El último punto a destacar, es que estos cambios tendrá un efecto negativo temporal en la experiencia del usuario. Una vez que estos cambios estén activos, es probable que el protocolo THORChain se pause con más frecuencia y los intercambios tardarán más en resolverse. Los operadores de billeteras deberán comunicar el estado de pausa de la cadena de forma continua, detectando una pausa sin problemas y comunicándola a los usuarios. Los usuarios de cadenas rápidas (BNB) notarán el retraso en la liquidación y, como resultado, los volúmenes pueden caer en estas cadenas.
Con el tiempo, a medida que la red gane estabilidad, la sensibilidad de la red se reducirá para mejorar la UX.
Ellos son:
Comprobador de solvencia automático Controles de pausa de red granular Tiempos de espera de nodo Límite de salida de salida Bot de difusión de nodo Monitorización en vivo
En realidad, hay dos partes discretas en esto: un modo reactivo y un modo proactivo. En ambos casos, la base de esto es la capacidad de cada nodo para escanear los saldos de la billetera usando sus Bifrosts e informar discrepancias negativas entre el saldo en cadena y lo que THORChain cree que tiene.

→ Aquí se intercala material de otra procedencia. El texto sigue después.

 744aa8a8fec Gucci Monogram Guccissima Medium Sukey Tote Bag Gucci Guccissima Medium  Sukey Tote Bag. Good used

THORChain crea conciencia de los saldos simplemente sumando los fondos entrantes y luego restando los gastos. Por tanto, el equilibrio esperado es la suma de los entresijos. Las divergencias ocurren cuando los saldos reales en la cadena comienzan a divergir. Para los activos de gas (activos utilizados para pagar el gas), las pequeñas divergencias pueden ser intermitentes, pero normalmente inferiores al +/- 1%.

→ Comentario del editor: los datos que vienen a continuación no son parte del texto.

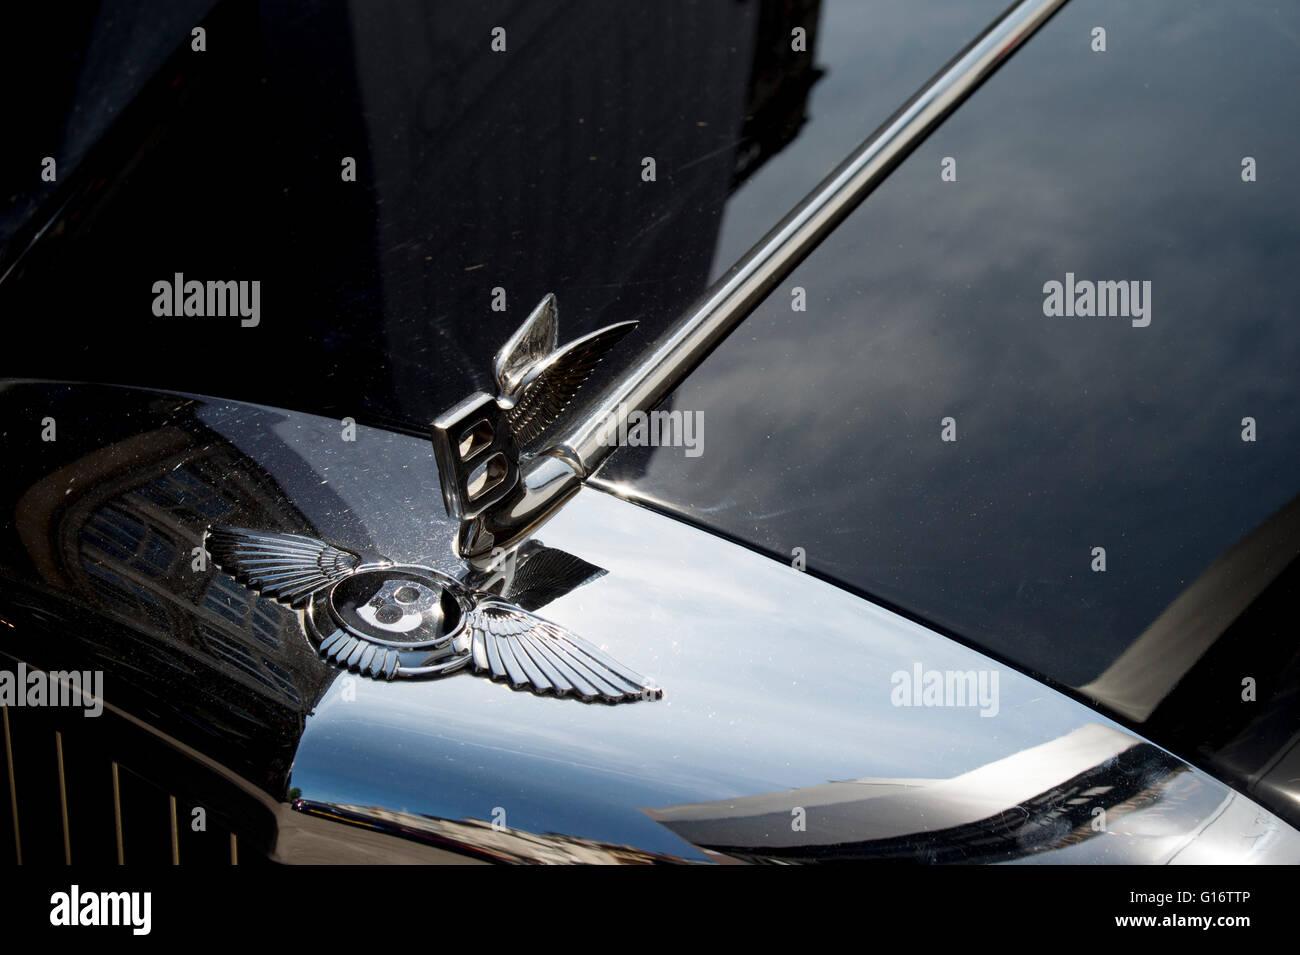 Radiator badge and flying B on classic Bentley car Stock Photo

Modo reactivo. THORNodes monitorea continuamente las bóvedas entrantes (asgard) y cuando el saldo escaneado diverge del saldo esperado, los nodos pueden presenciar a THORChain la insolvencia observada. Si informan más de 2/3, esa cadena se detendrá automáticamente dentro y fuera de los límites. El ciclo de exploración es una exploración cada 1-2 minutos. Está limitado porque consume muchos recursos en el cliente RPC del nodo. El modo reactivo ASC podría detectar cualquier pérdida de fondos de las bóvedas, donde se utilizan activos falsos para depositar.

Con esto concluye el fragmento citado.